The Reference Class Problem

Before examining individual cases, we need to address a methodological question: what is the correct reference class for quantum computing? Proponents compare quantum computing to the transistor — a physics breakthrough that transformed civilization. Skeptics compare it to cold fusion — a physics claim that was never reproduced. The comparison you choose dramatically frames the analysis.

The honest answer is that quantum computing shares features with both categories. The underlying physics is real (unlike cold fusion), but the engineering path to commercial viability is unclear (unlike the transistor).
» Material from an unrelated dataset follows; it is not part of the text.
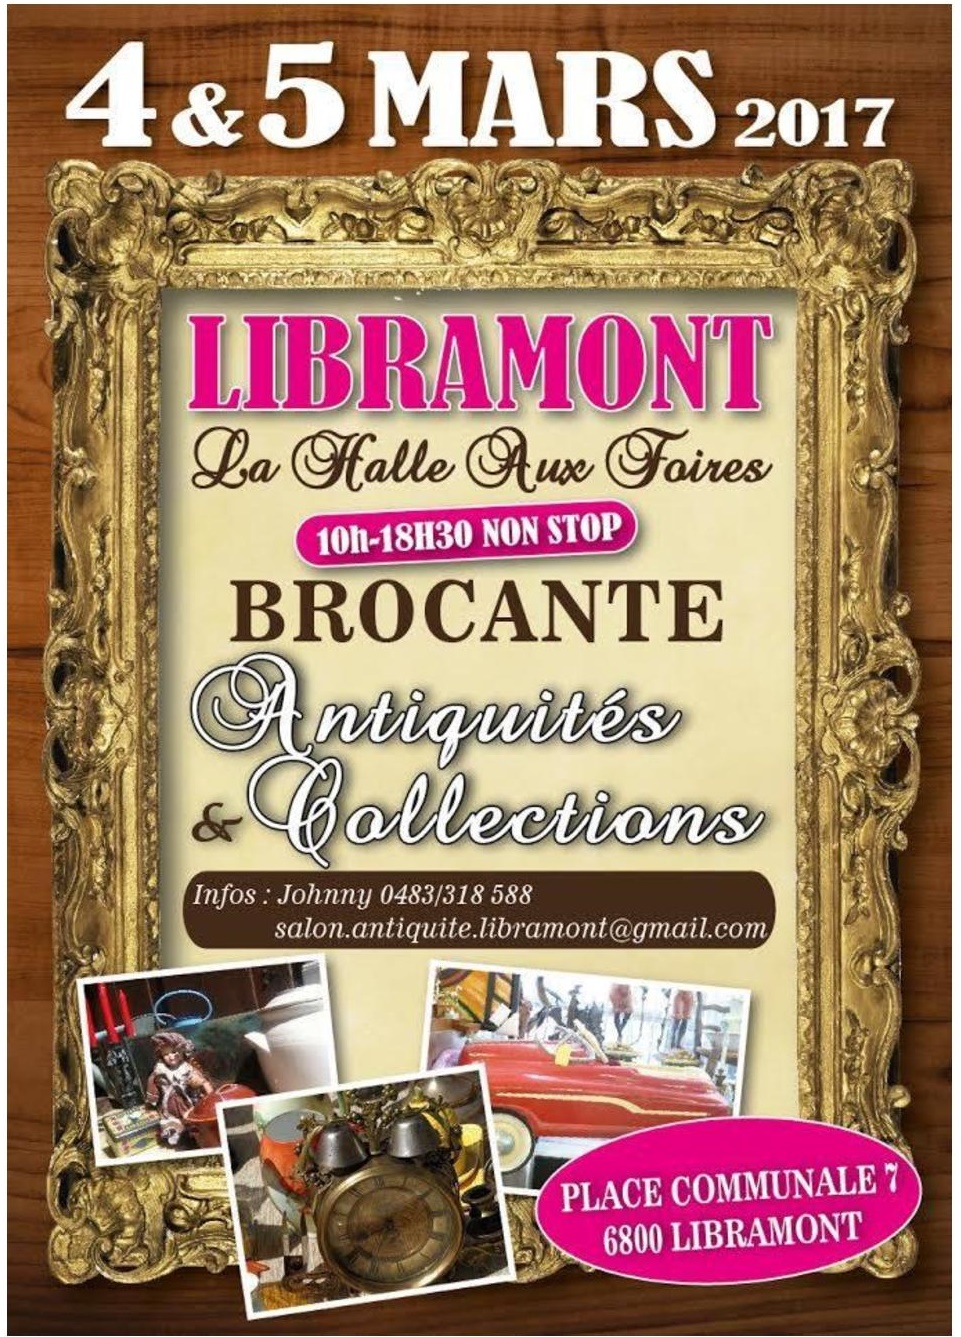 Libramont brocante page 001
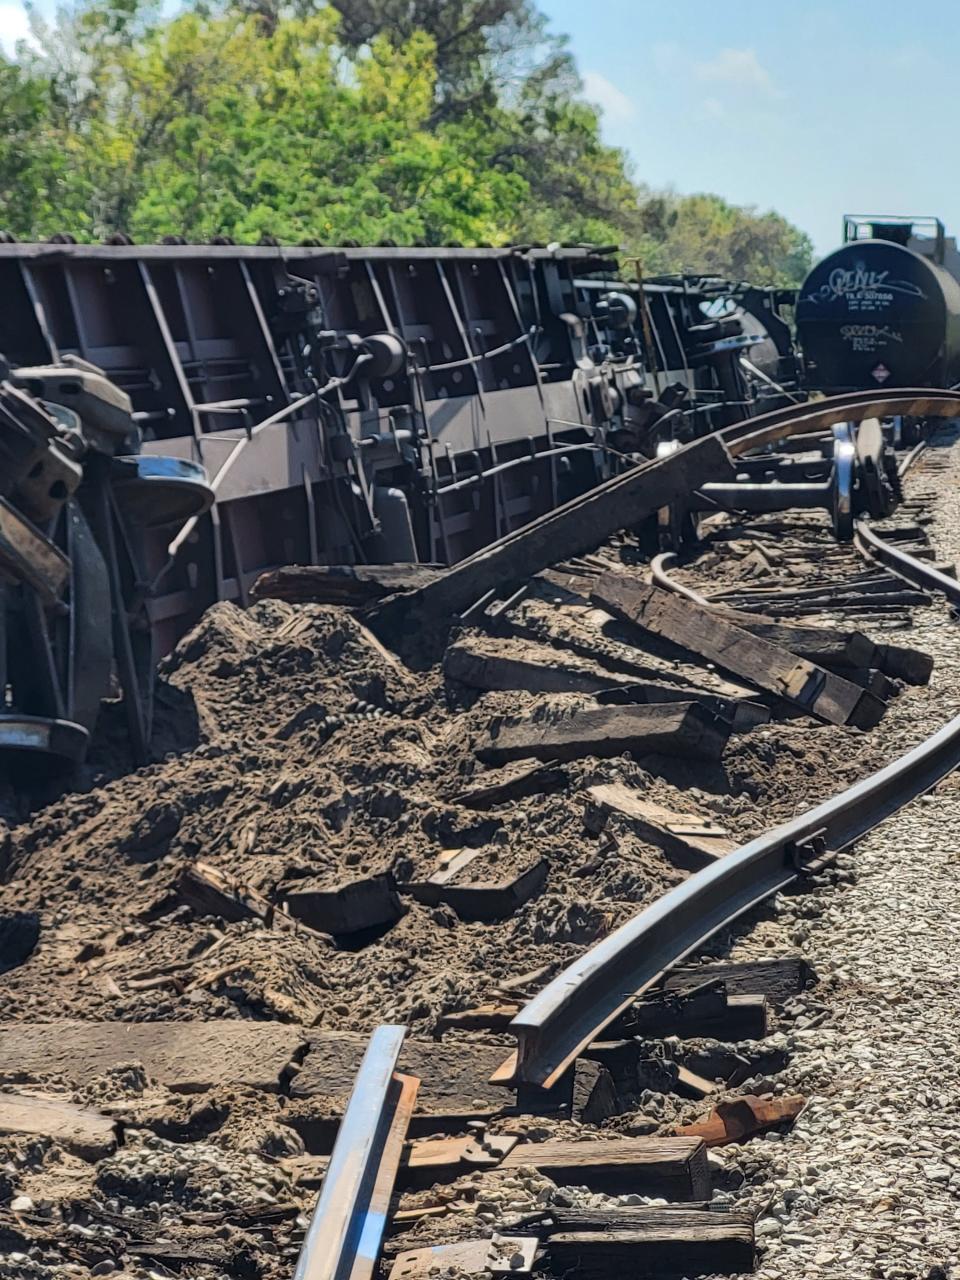 A train carrying sheetrock and thousands of gallons of liquid propane gas derailed at 301 Boulevard East and 16th street on Tuesday, Feb. 28, 2023. There were no injuries reported and there has been no evidence for a leak, officials said.

Our task in this chapter is to identify specific, testable features that distinguish the two categories and then evaluate where quantum computing falls.

Feature Successful Technologies Failed Technologies Quantum Computing
Underlying physics validated Yes No or disputed Yes (small scale)
Laboratory demonstration Yes, early Unreproducible or marginal Yes (limited)
Continuous improvement pathway Yes No No — requires discontinuous breakthrough
Commercial prototype within 10 years of discovery Yes (most cases) No No (after 40+ years)
Intermediate commercial products Yes No No
Scaling follows known engineering Yes Not applicable Unknown — may be physically impossible

This table previews the central finding of this chapter: quantum computing's structural profile more closely resembles the failed technologies than the successful ones, primarily because it lacks a continuous improvement pathway and has produced no intermediate commercial products after four decades of research.

Successful Physics Bets

The Transistor: From Lab to Civilization in Two Decades

The transistor, invented at Bell Labs in 1947, is the canonical example of a physics-based technology investment that transformed the world. Within 20 years of its invention, transistors had replaced vacuum tubes in virtually every electronic application and had enabled the computer revolution.

What made the transistor succeed?

  • Immediate practical advantage: Even the first crude transistors were smaller, more reliable, and consumed less power than vacuum tubes
  • Continuous improvement: Each generation of transistors was better than the last — smaller, faster, cheaper — without requiring any fundamental breakthrough beyond the original discovery
  • Scalable manufacturing: Semiconductor fabrication techniques allowed mass production at decreasing cost per unit (Moore's Law)
  • Intermediate products: Transistor radios (1954), integrated circuits (1958), and calculators (1960s) generated revenue that funded further development
  • Clear customer demand: The military, telecommunications, and computing industries immediately recognized transistor applications

The transistor's timeline from invention to commercial dominance was remarkably short:

Year Milestone Time from Invention
1947 Point-contact transistor demonstrated 0 years
1948 Junction transistor invented 1 year
1954 First transistor radio (Regency TR-1) sold commercially 7 years
1958 Integrated circuit invented 11 years
1965 Moore's Law articulated based on observed trends 18 years
1971 First microprocessor (Intel 4004) 24 years

By the time the transistor was 24 years old, it had produced the microprocessor. Quantum computing is over 40 years old (dating from Feynman's 1982 proposal) and has not produced a single commercial product.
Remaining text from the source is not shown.